Animals

How some of the world's rarest fish survived a California earthquake


Devils Hole pupfish – among the rarest fish on earth – know a thing or two about earthquake safety. After all, they managed to ride out a huge wave triggered by the recent tremors in California.

Found only inside an inconceivably deep, sweltering geothermal pool called Devils Hole near Death Valley, and numbering fewer than 200, Devils Hole pupfish are endangered, but not helpless.

As the 7.1-magnitude Ridgecrest earthquake ripped through southern California, it trigged a 10ft wave inside Devils Hole. A video released by the US National Park Service shows the wily pupfish swimming deeper and deeper into the water to avoid getting swept up and smashed.

“And if you study the fish, you can see that they seem to know that something’s going to hit maybe five, six seconds before it happens,” said Kevin Wilson, an aquatic ecologist at Death Valley national park. “It’s wild.”

So named because they reminded a biologist of overexcited puppies at play, Devils Hole pupfish are not unused to earthquakes. Possibly because of its depth – divers have ventured more than 400ft down and not been able to see a bottom – Devils Hole responds to quakes as far away as China. But the Ridgecrest earthquake, which was the largest to hit the state in decades and was centered about 70 miles away, caused an especially violent reaction.

“We can’t see it in the video, but we think the fish are probably seeking safety inside some of the larger rooms and shelves deep inside Devil’s Hole,” said Jennifer Gumm, a biologist at the Ash Meadows wildlife refuge, where Devil’s Hole is located.

The violent wave probably killed off some eggs and baby fish who weren’t strong enough to swim deeper into the geothermal pool. “But most of the adults probably survived,” she said, adding that this species of pupfish had evolved to cope with earthquakes, and in the long run, a periodic tremble benefited the fish, by clearing away built-up dead vegetation and resetting the ecosystem.

Other species of pupfish live across the south-western US, but Devil’s Hole pupfish are physiologically unique: they’re smaller and lack the pelvic fin that their cousins use to swim faster. They also have the smallest known geographic range of any vertebrate in the wild.

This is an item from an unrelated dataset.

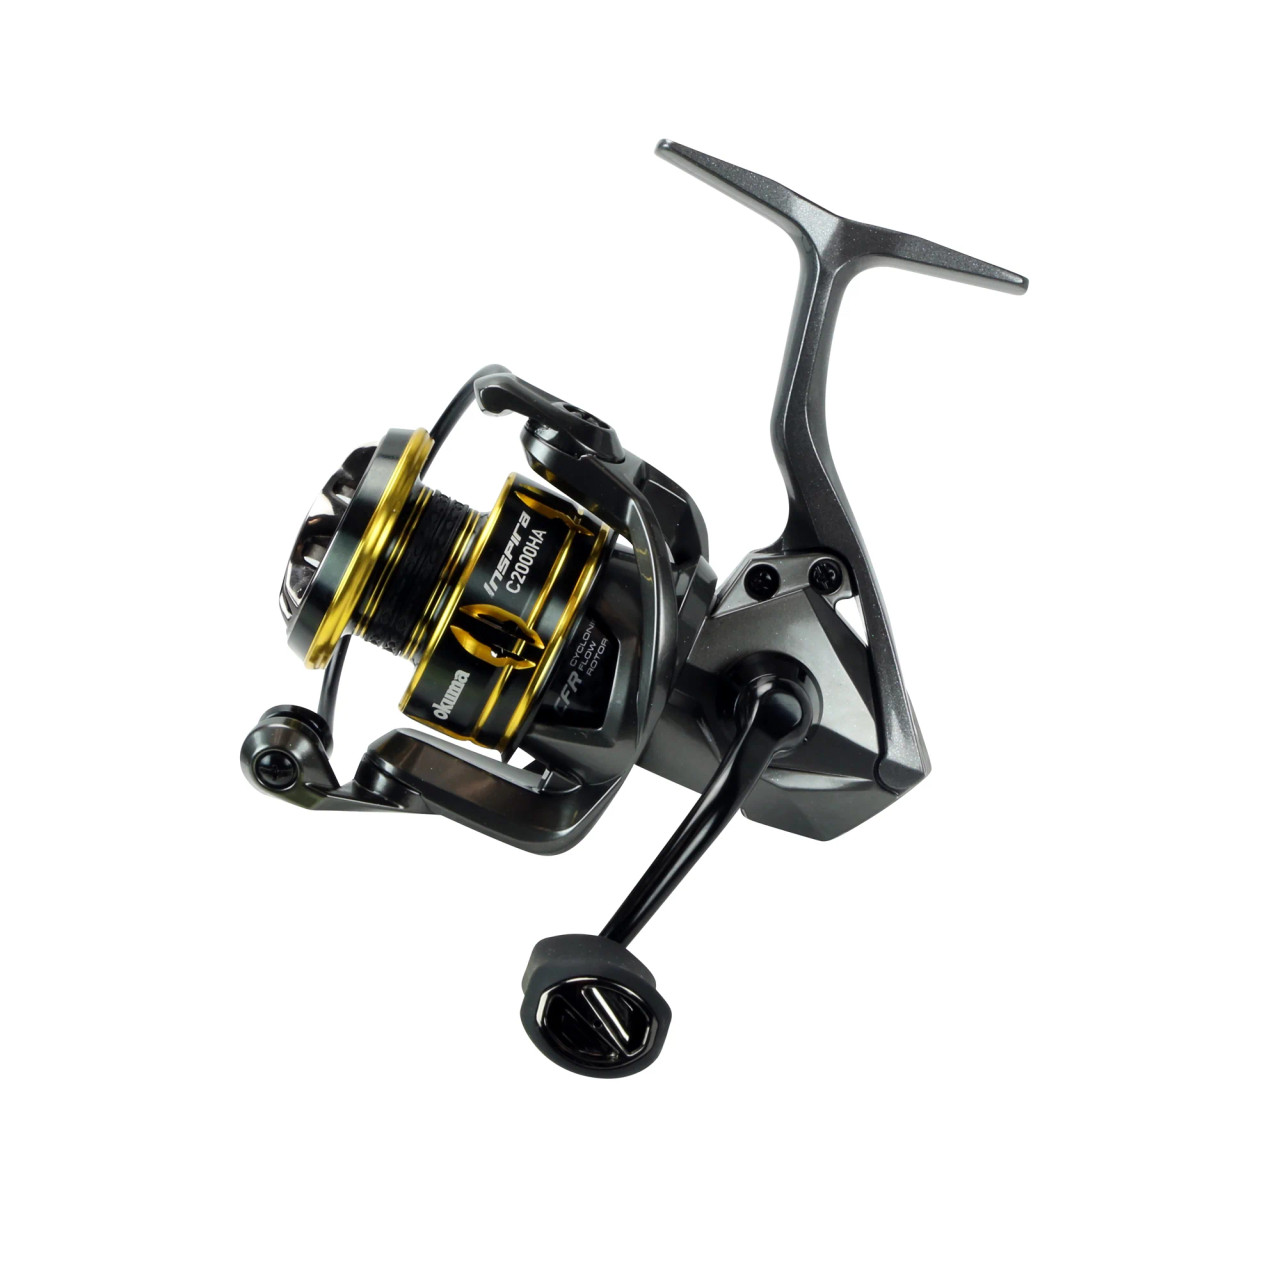 What makes a great spinning reel? On Okuma's Helios SX Spinning it's the  RESII: Computer Balanced Rotor Equalizing System that delivers consistent  line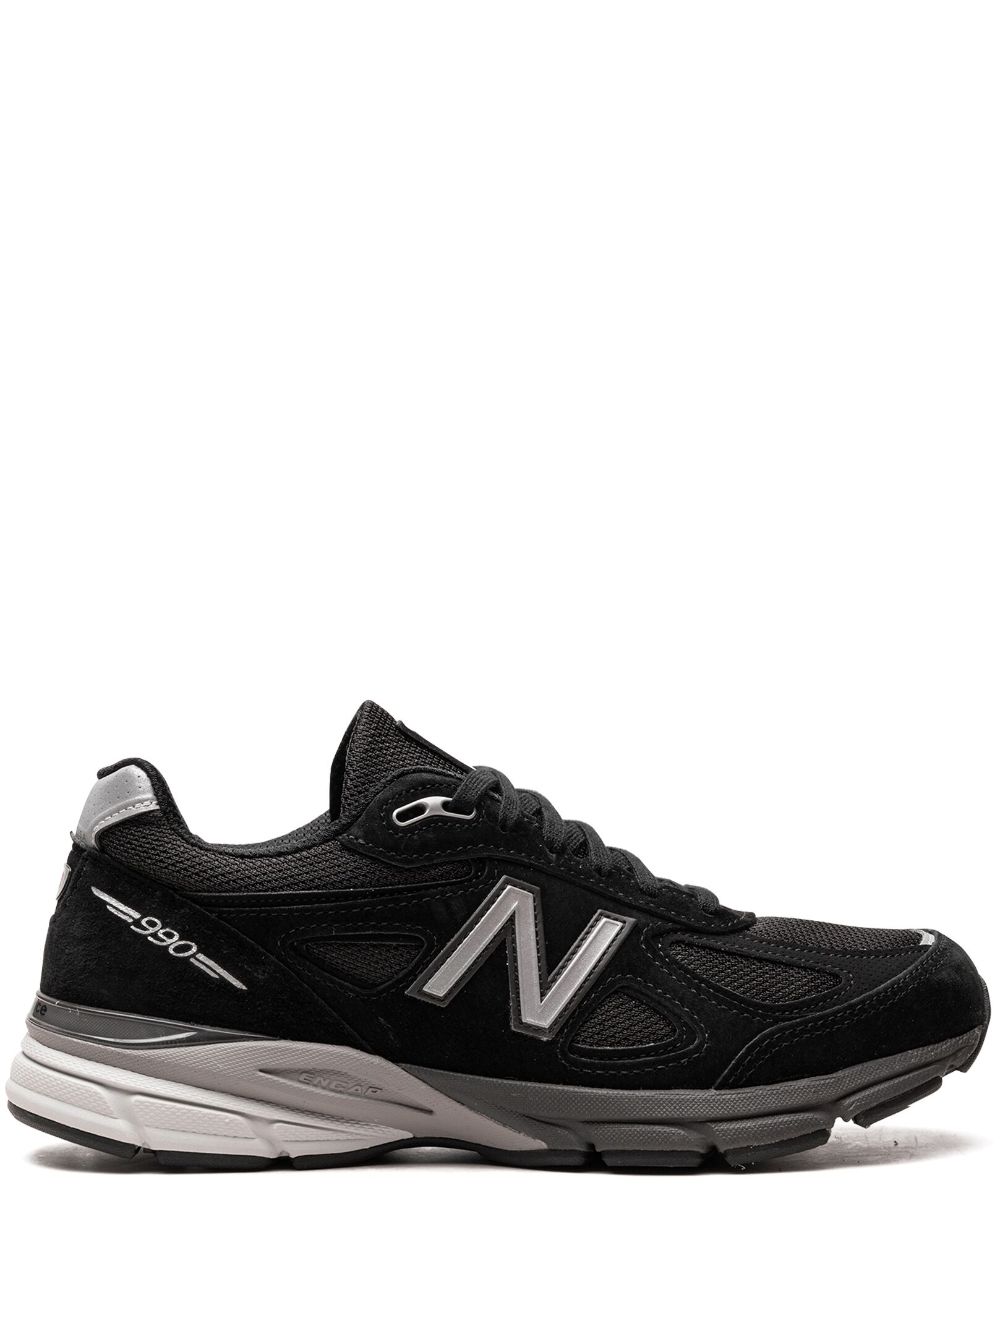 New Balance Made in USA 990v4 "Black/Silver" sneakers

But the tiny, iridescent blue pupfish that live in Devil’s Hole have faced numerous threats over the decades, Wilson said. Aggressive groundwater pumping in the 1960s drained their habitat and decimated populations. Still, after environmental activists rallied in support of the pupfish and won a landmark 1976 US supreme court case to ban the pumping, the fish persisted.

In the past few years, their populations began to plummet again. “In 2013, we counted a scary-low number of 38 adult pupfish,” said Wilson, who embarks on bi-annual scuba dives into the depths to count the population. Per the latest tallies, there are an estimated 136 adult pupfish. “But we still don’t know why there’s been such a decline from populations of more than 200 or 250 in the 1990s,” Wilson says.

One theory is that warming climate conditions have tipped the surface water temperatures above what is tolerable for pupfish eggs and babies. While the depths of Devil’s Hole maintain a temperature of 93F, the shallows of the pool – where pupfish lay their eggs – warm and cool with the weather. And as the hottest place on the planet – where temperatures can surpass 120F in the summer – becomes even hotter with the climate crisis, it’s possible that delicate pupfish eggs are getting poached.

Wilson is also investigating whether invasive diving beetles, which in recent years flew into Devil’s Hole from another part of the wildlife reserve, are feeding on pupfish eggs and larvae.

“It’s still a mystery, Wilson says. “But we’re hoping to figure it out because once you’ve lost a species, they’re gone forever.”